Earlier studies from the Duke lab revealed monkeys could learn to control robot arms using only their brains. While those experiments recorded signals from the cortical surface of the brain, these new studies took signals from deeper in the brain in subcortical areas.
"This shows that one can extract information not only from cortical areas, but from subcortical ones too," Nicolelis said. "This suggests that in the future, there will be more options for sampling neuronal information to control a prosthetic device."
Another Duke team member, neurosurgeon Michael Turner, explained that subcortical electrodes also had the benefit of greater stability because they are buried deeper.
"The way the brain works, all the signals for motor control are filtered through these deep regions of the brain before they reach the final cortical output. So, they are theoretically easier to record from than cortical areas," Turner said.
He added the subcortical areas are denser, meaning there are more cells from which to record packed into a smaller area.
"This opens up a new scientific frontier -- to help those who need it most, people who are paralyzed," said biorobotic engineer Mandayam Srinivasan, director of the Touch Lab at the Massachusetts Institute of Technology in Cambridge.
"It gives us access to their thoughts," Srinivasan told UPI. "It's exciting to be able to do this at all. One of the holy grails of research is to understand the human brain."
Chapin added that the research "is something that could tremendously help improve the quality of life of people who are really suffering quite terribly."
The Duke researchers have partnered with Plexon, a neurotechnology company in Dallas, whose customers include 150 domestic and international military labs, pharmaceutical companies, academic institutes and research hospitals run by such institutions as the National Institutes of Health, GlaxoSmithKline in Britain and the U.S. Air Force. Competing research is being performed by a team includes Cyberkinetics of Foxborough, Mass.
"These two groups are going to be the ones to watch," Chapin told UPI.
The researchers emphasize, however, many years of further development and clinical testing will be required before any devices can be available.

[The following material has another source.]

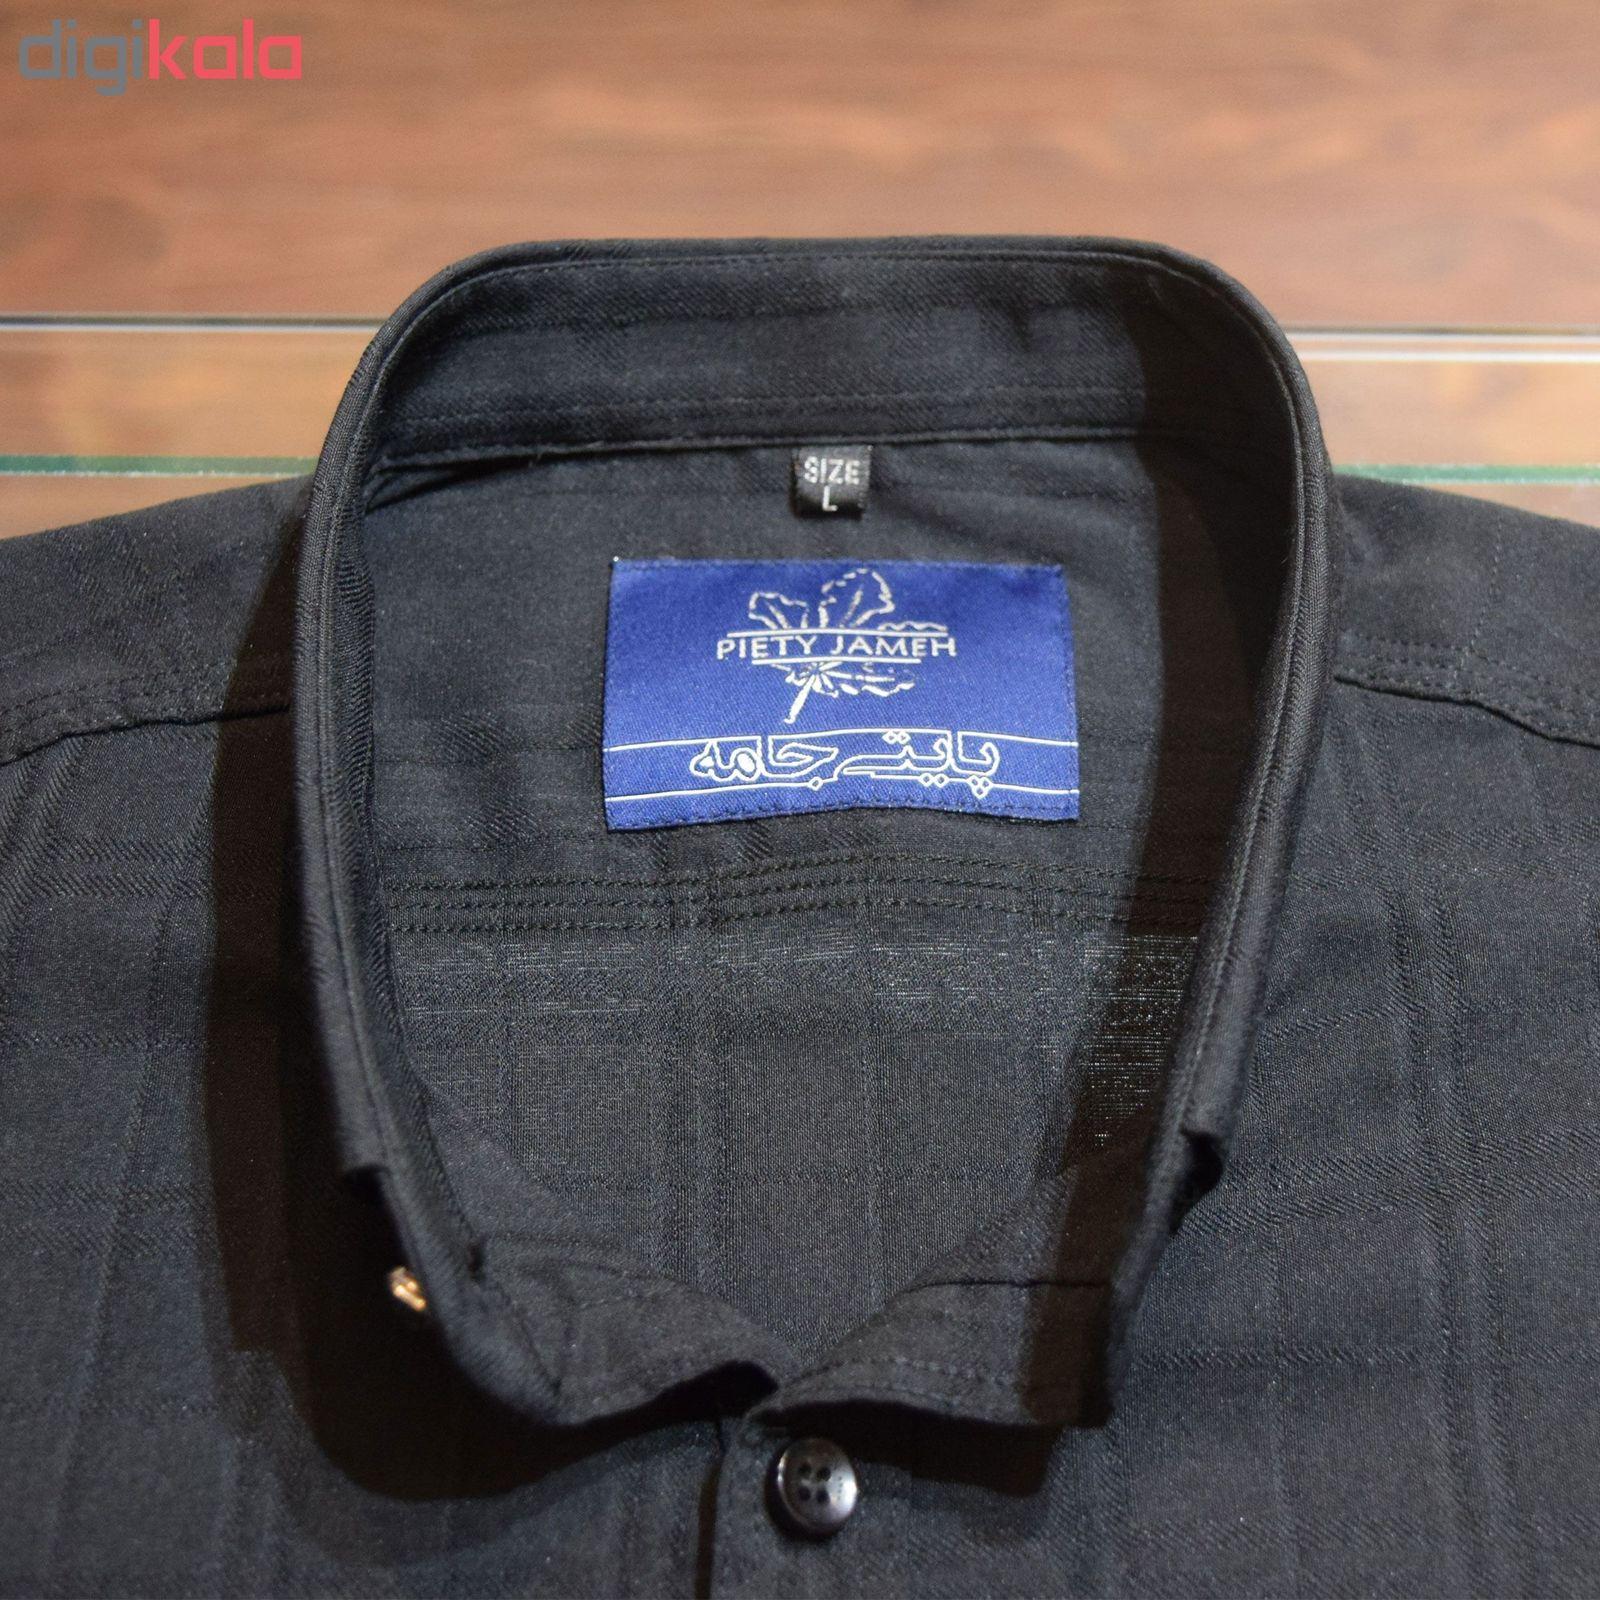 پیراهن مردانه پایتی جامه کد 1901439 main 1 4

"Obviously there are liability issues here," Chapin noted. "What if the insulation that is on the electrodes turns out to have bad interactions with tissues, for example?"
They already have applied for federal approval to implant experimental electrodes long-term in quadriplegic patients. Such tests, conducted over the next three to five years, would implant arrays in specific brain regions.
Experimenters would ask patients to perform actions more complicated than merely squeezing. They would play video games where targets are moved through two-dimensional or 3-D space, Patil said. Researchers then would study which tasks are optimally controlled by each region. They also would test for 30 days or so, to make sure the recordings are reliable over time.
"We're moving very deliberately here. Everyone in the field is aware of the need for safety at every step," Patil said.
Other devices on the horizon to help patients with nerve or brain damage include "sensory neuroprostheses," Chapin said, which would to help patients recover feeling in their body.